The generative commands are:

lake exe torchlean autoencoder --steps 10
lake exe torchlean mae --steps 10
lake exe torchlean vae --steps 10
lake exe torchlean vqvae --steps 10
lake exe torchlean gan --steps 10
lake exe torchlean diffusion --steps 5

These examples stress stochastic and reconstruction oriented training. Diffusion adds timestep schedules, noising, denoising, and sampling artifacts. VAE, VQ-VAE, and GAN examples connect a runnable training surface to objective definitions used by theorems in the generative theory API. The companion generative guide explains that boundary in more detail.

These examples are not just "more MLPs." They force the API to express latent shapes, reconstruction targets, score targets, generator/discriminator pairs, patch masks, and image valued sampling outputs.

7.2.9. RL Demos🔗

The RL examples are different from the supervised and generative zoo because the data is not just a static tensor file. It is produced by an environment boundary:

NN.Examples.Models.RL.PPOCartPole API trains an actor critic on Gymnasium CartPole-v1 through a Python subprocess bridge.
NN.Examples.Models.RL.PPOGridWorld API gives a smaller controlled PPO environment.
NN.Examples.Models.RL.PPOPongRam API exercises a larger observation/action setting.
NN.Examples.Models.RL.DQNReplay API focuses on the off policy replay and minibatch update pieces.

For CartPole:

lake exe -K cuda=true torchlean ppo_cartpole --cuda --updates 50

For the DQN replay mini example:

lake exe torchlean dqn_replay

RL stresses the trust boundary harder than ordinary supervised learning. TorchLean can typecheck the tensors that enter training, define the policy/value losses, and write logs that widgets can read. But the Gymnasium environment is an external process. The CartPole file says this directly: raw environment observations are checked against a runtime boundary contract before becoming training data. The theorem prover boundary is explicit: TorchLean verifies what enters the Lean side, while the external simulator remains outside the proved fragment.

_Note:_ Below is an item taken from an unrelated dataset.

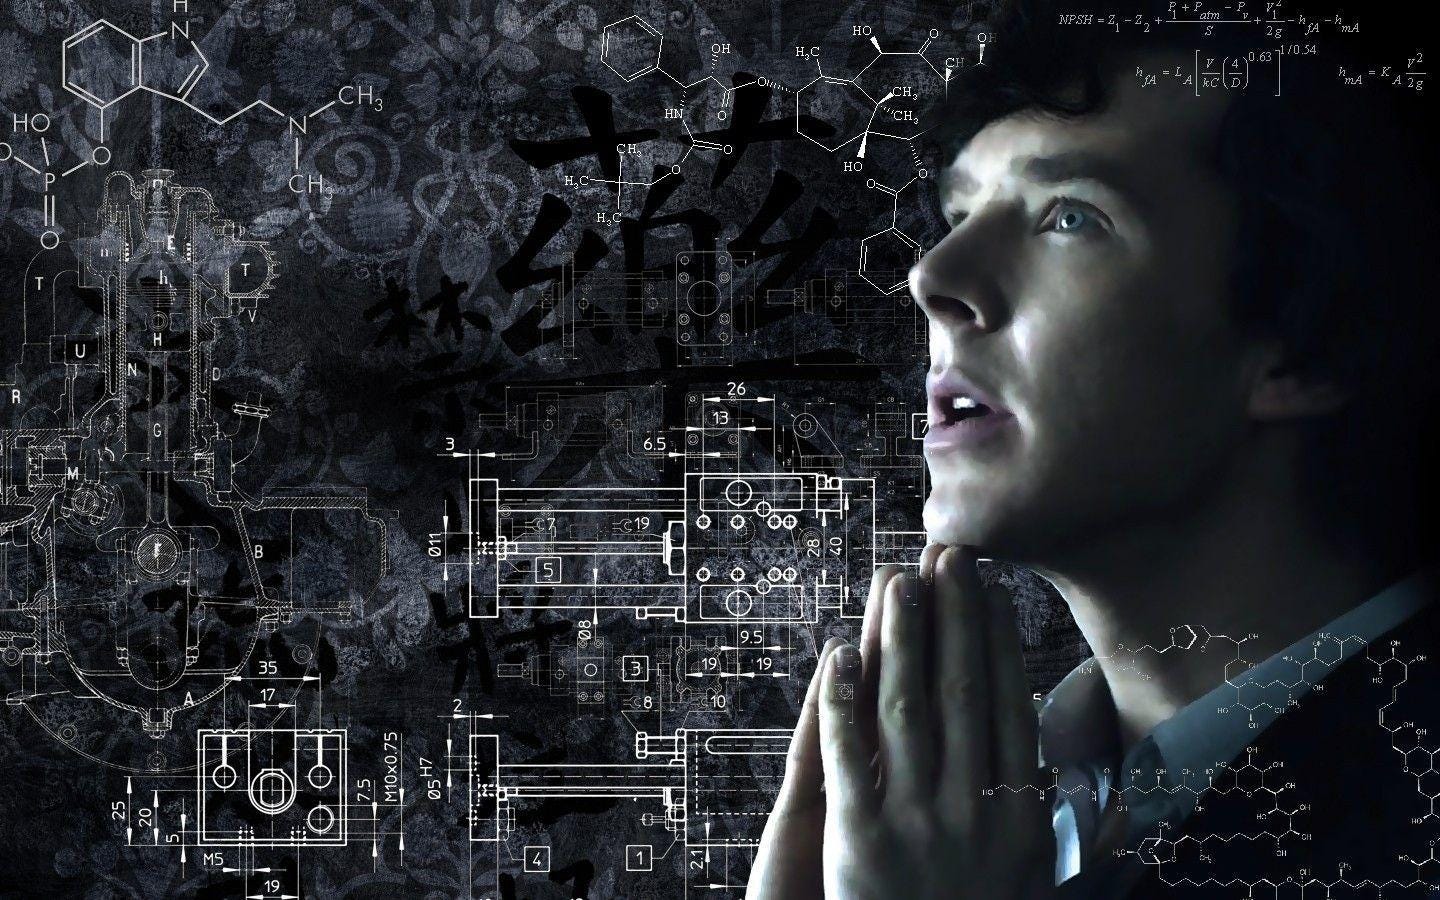 Benedict Cumberbatch-Starring 'Sherlock' Sells Wide for BBC Studios

The paper anchors are Mnih et al., "Human-level control through deep reinforcement learning" (Nature 2015, https://www.nature.com/articles/nature14236) for DQN and Schulman et al., "Proximal Policy Optimization Algorithms" (2017, https://arxiv.org/abs/1707.06347) for PPO. The environment API reference is Gymnasium by the Farama Foundation (https://gymnasium.farama.org/).

The interaction loop is:

s_t \xrightarrow{\pi_\theta} a_t \xrightarrow{\mathrm{env}} (r_t,s_{t+1})

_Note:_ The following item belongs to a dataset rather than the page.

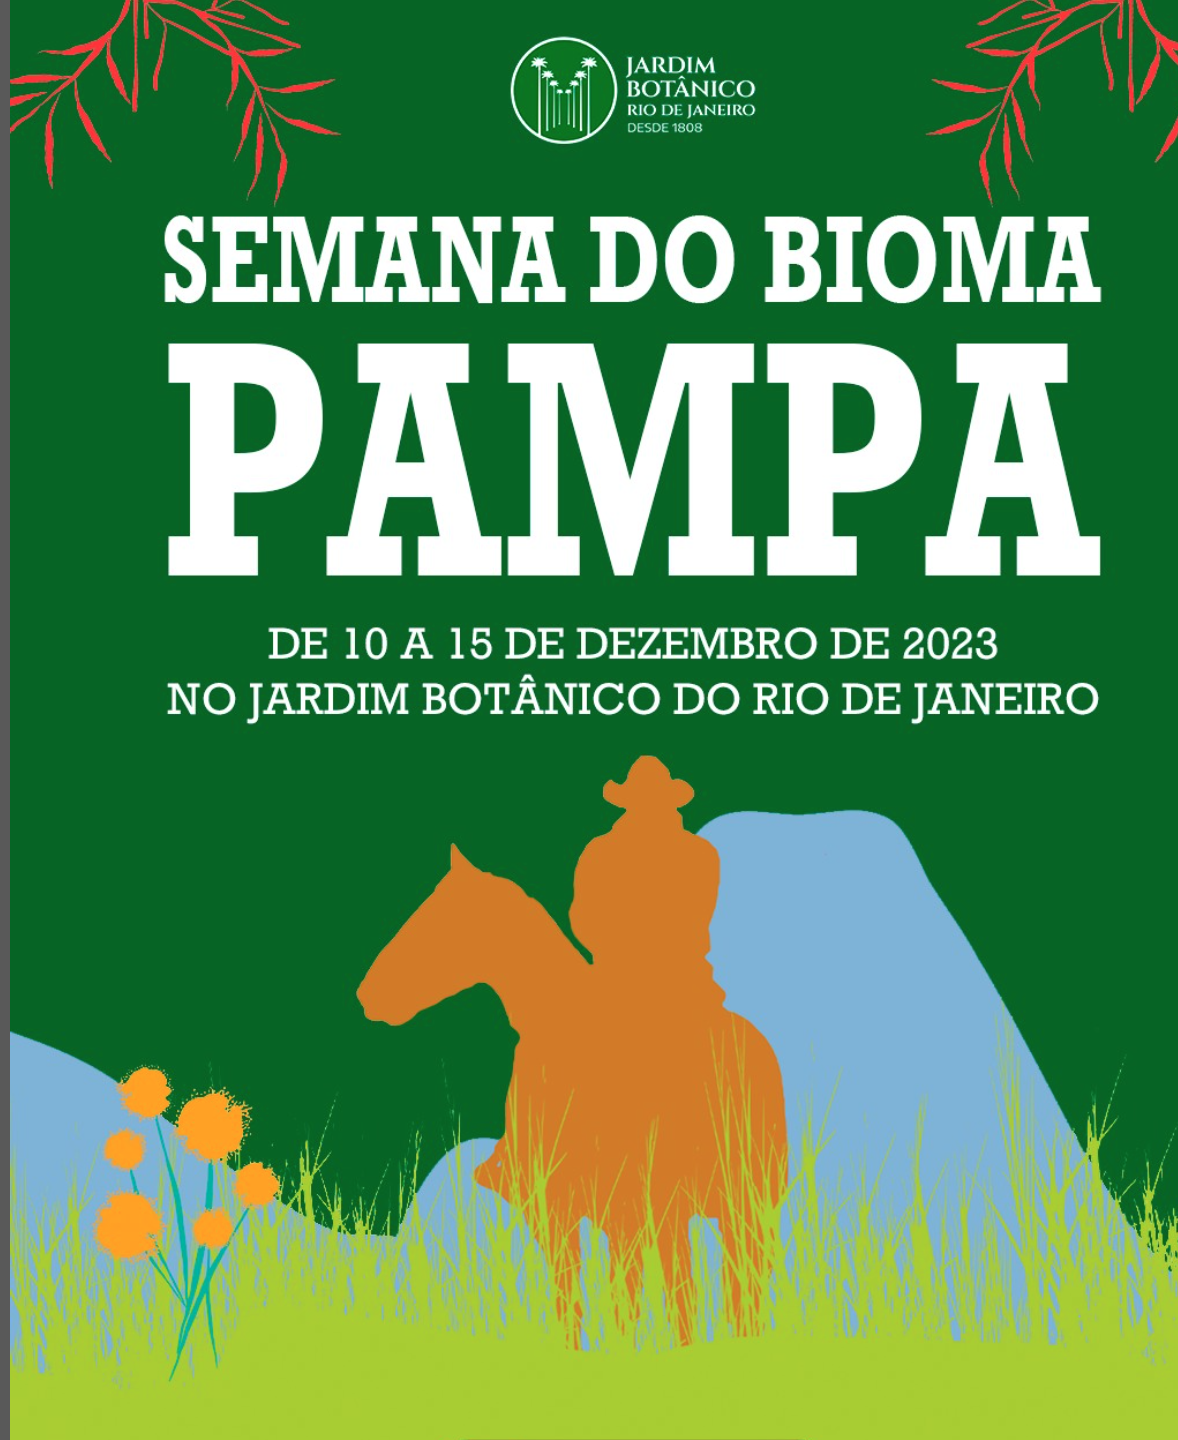 RJ: Semana do Bioma Pampa no Jardim Botânico

TorchLean can type and check the policy, rollout buffers, returns, and PPO losses. If the environment is Gymnasium, the environment transition itself remains an external boundary.

7.2.10. API, Runtime, Graph, CUDA, Verification🔗

The model zoo is best read as five overlapping tests:

API: can modern models be expressed as typed Lean constructors rather than opaque Python modules?
Runtime: can eager autograd, optimizers, logs, save/load paths, and data loaders run end to end?
Graph: can branchy, tokenized, recurrent, and spectral programs be lowered or related to shared graph concepts when needed?
CUDA: can GPU execution accelerate examples without changing their public model shape?
Verification: can examples point to specs used by theorems and make the remaining trust boundary explicit?

The answer is intentionally layered. MLP, CNN, ResNet, ViT, GPT, Mamba, FNO, diffusion, and RL commands all exercise real runtime surfaces. Some model families also have dedicated spec or theory declarations with citeable theorem names. Not every command has full verification. Not every CUDA kernel has a fully proved equivalence to a high level spec. Not every external data source is trusted.

That layered view is a feature of the zoo. Readers can see where TorchLean is already a proof artifact, where it is a runnable ML artifact, and where the bridge between those two worlds is still being strengthened.